» **Task brief**
Give the whole listing below once more, exactly, without pictures.

» **Data below**
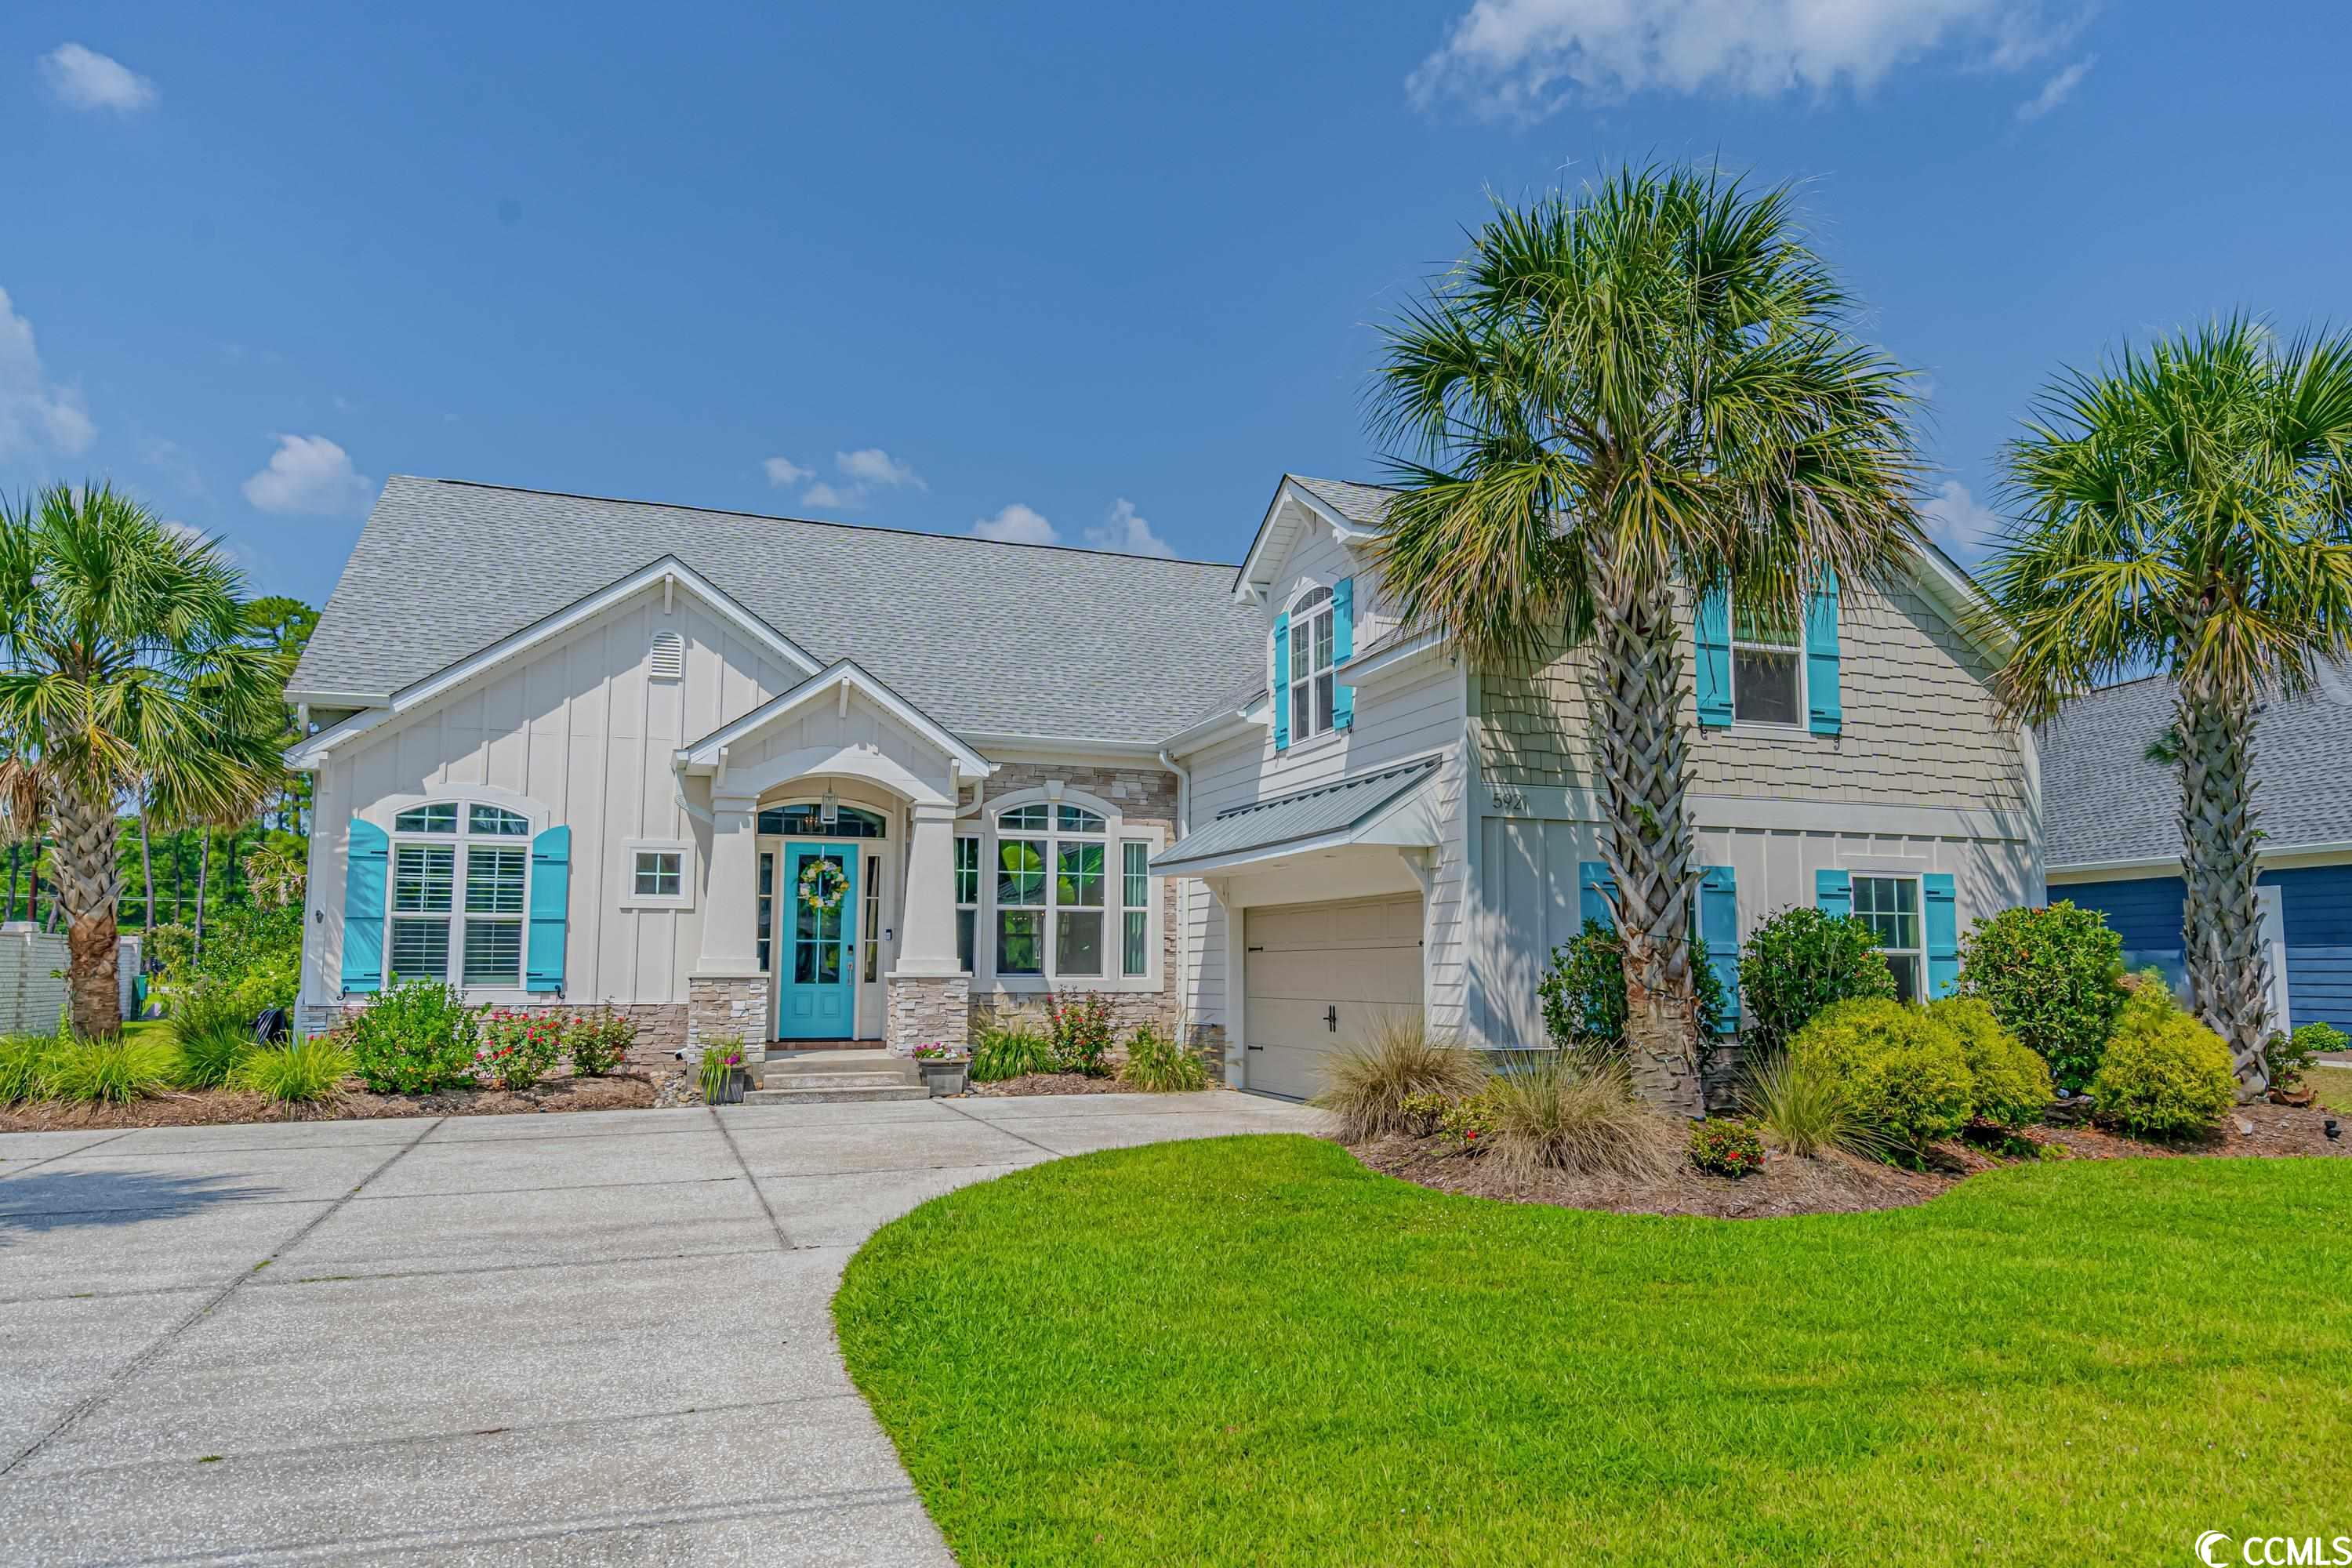 5921 Country Club Dr. Myrtle Beach, SC 29577
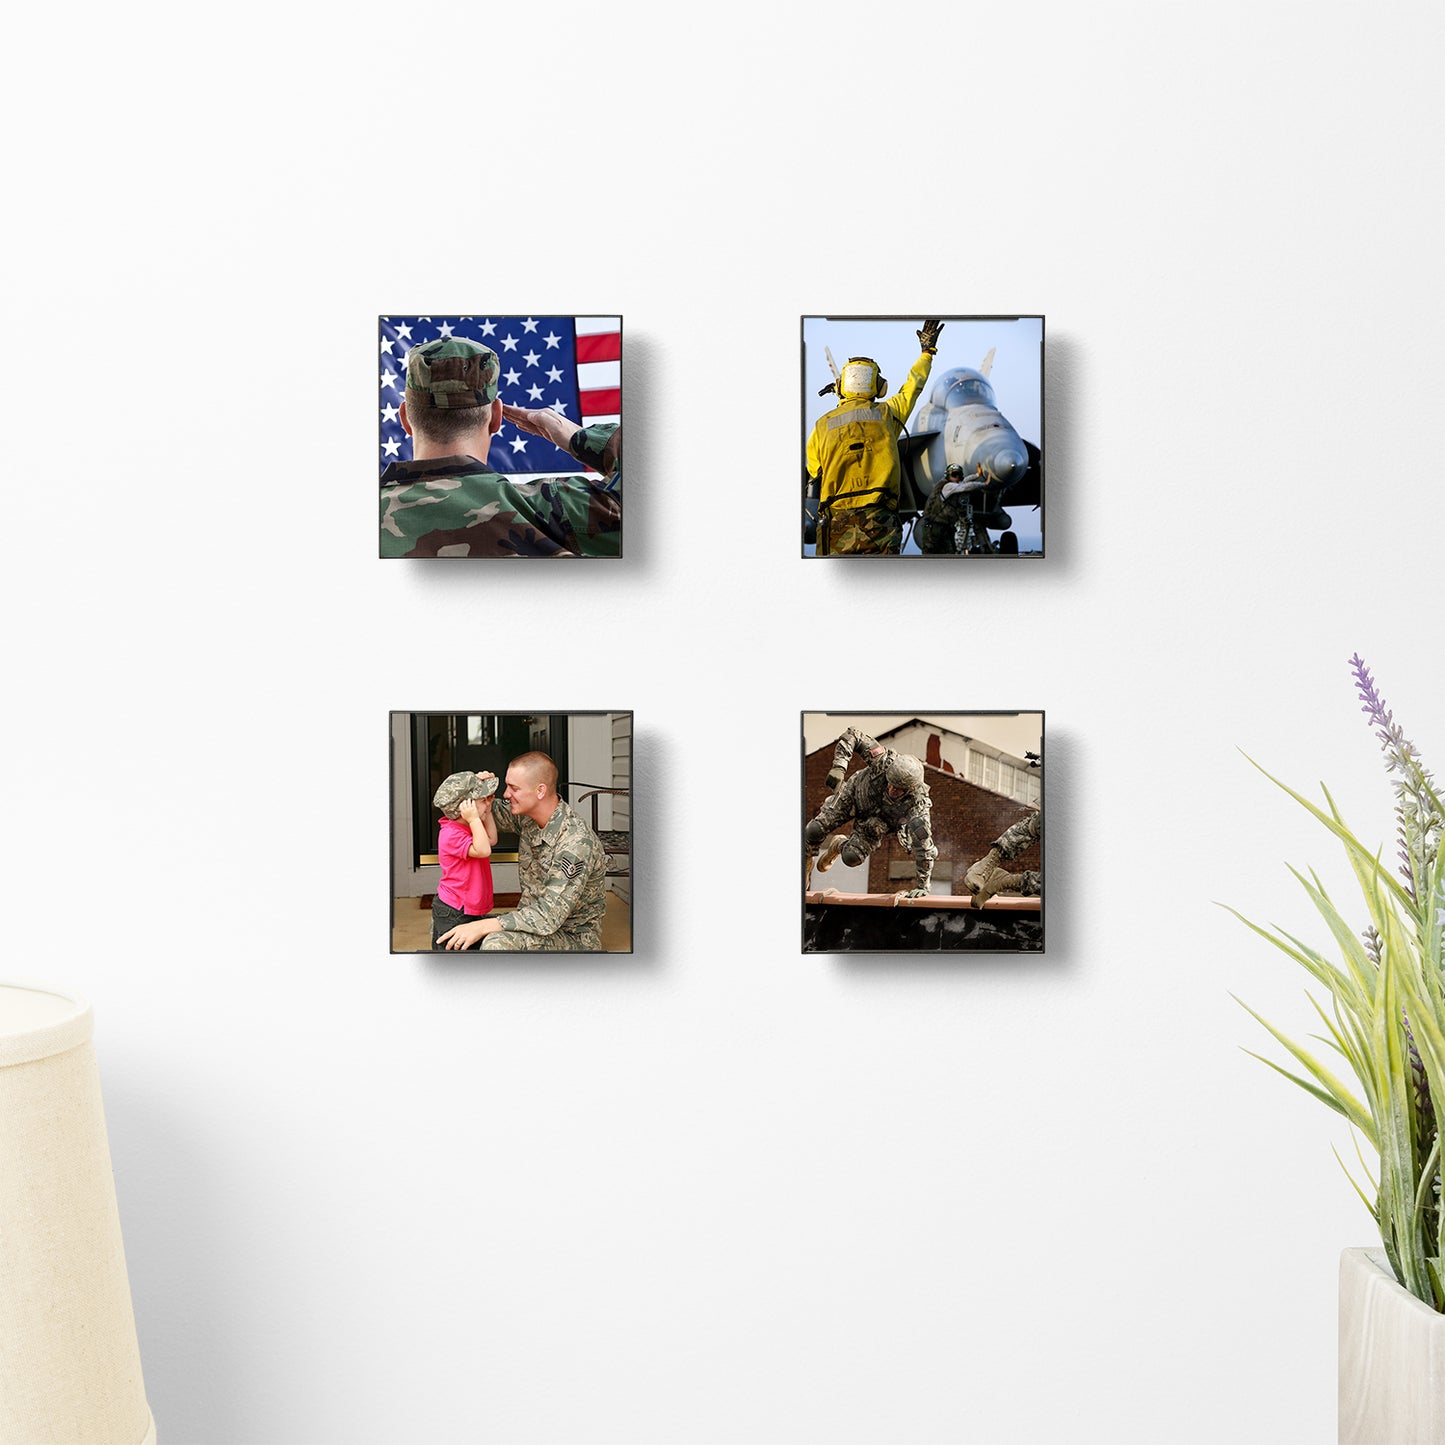 Realnique Black 4x4 Picture Frames [4 pack] Patented wall-mounted socket enables quick frame changing, rotating, and floating off-wall appearance. Front loading square photo frames.
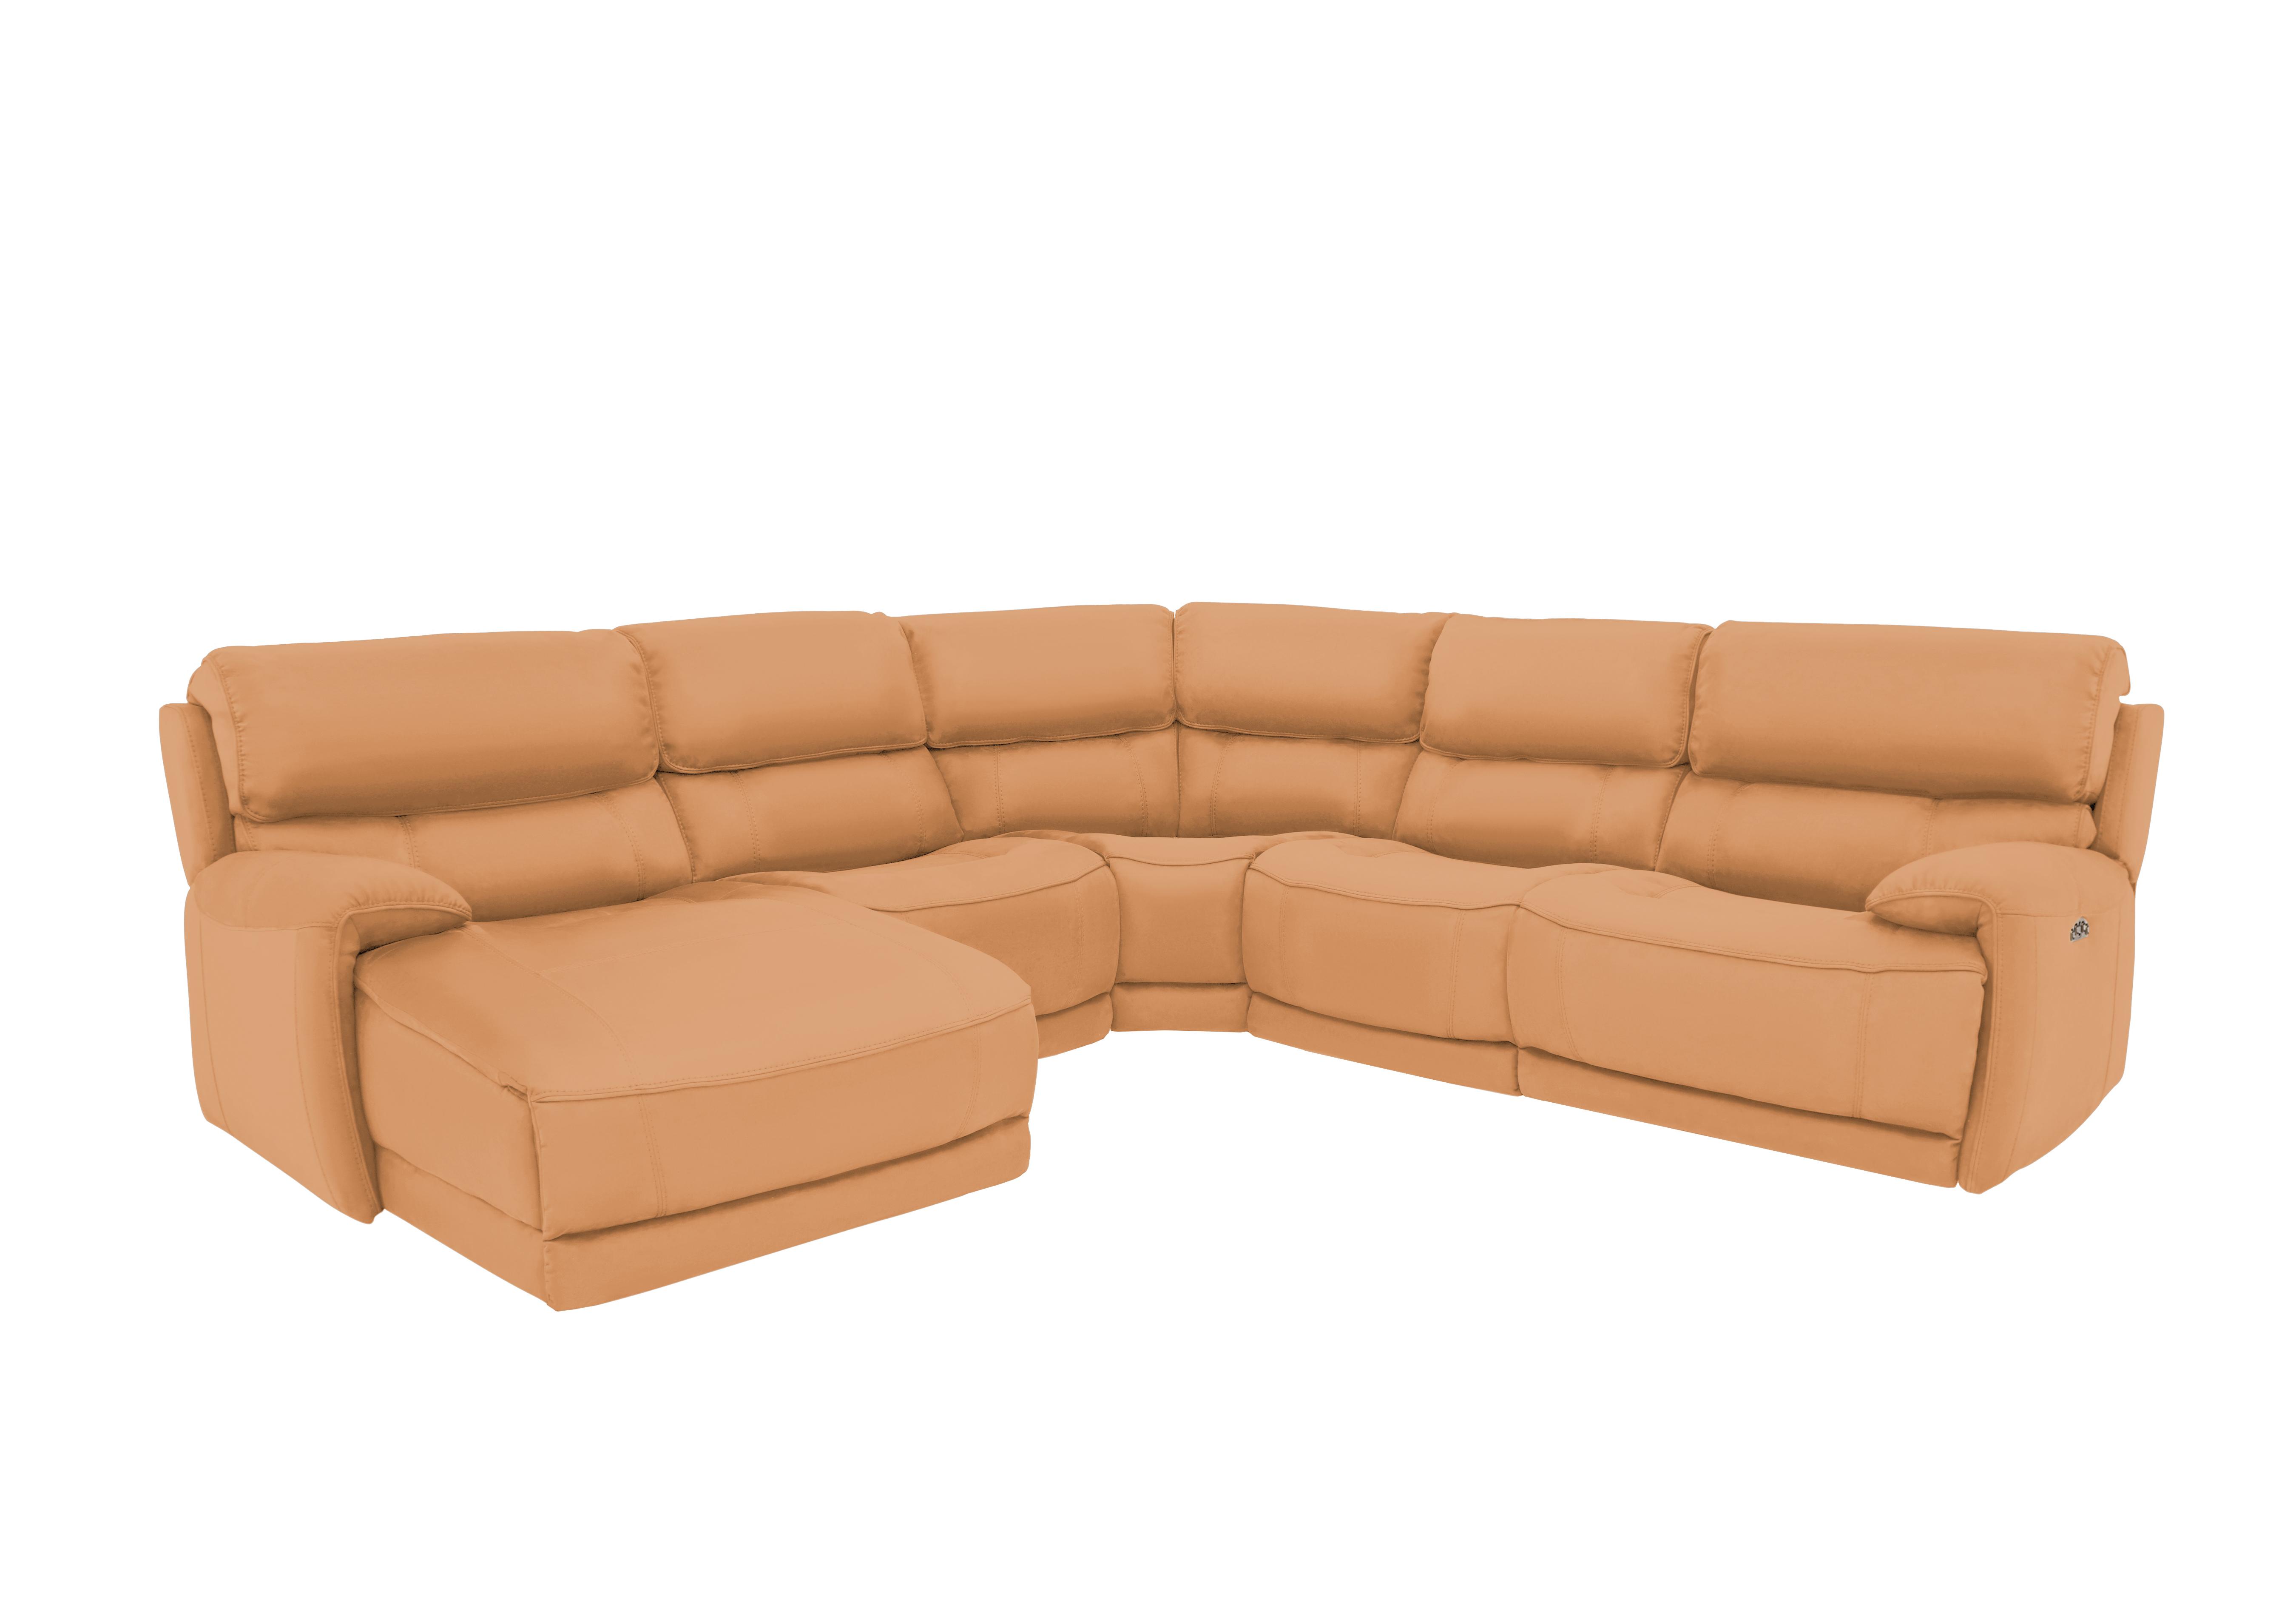 Link Leather Corner Chaise Power Sofa in Nc-335e Honey Yellow on Furniture Village

» **Reply to the exercise**
 5921 Country Club Dr. Myrtle Beach, SC 29577
 Realnique Black 4x4 Picture Frames [4 pack] Patented wall-mounted socket enables quick frame changing, rotating, and floating off-wall appearance. Front loading square photo frames.
 Link Leather Corner Chaise Power Sofa in Nc-335e Honey Yellow on Furniture Village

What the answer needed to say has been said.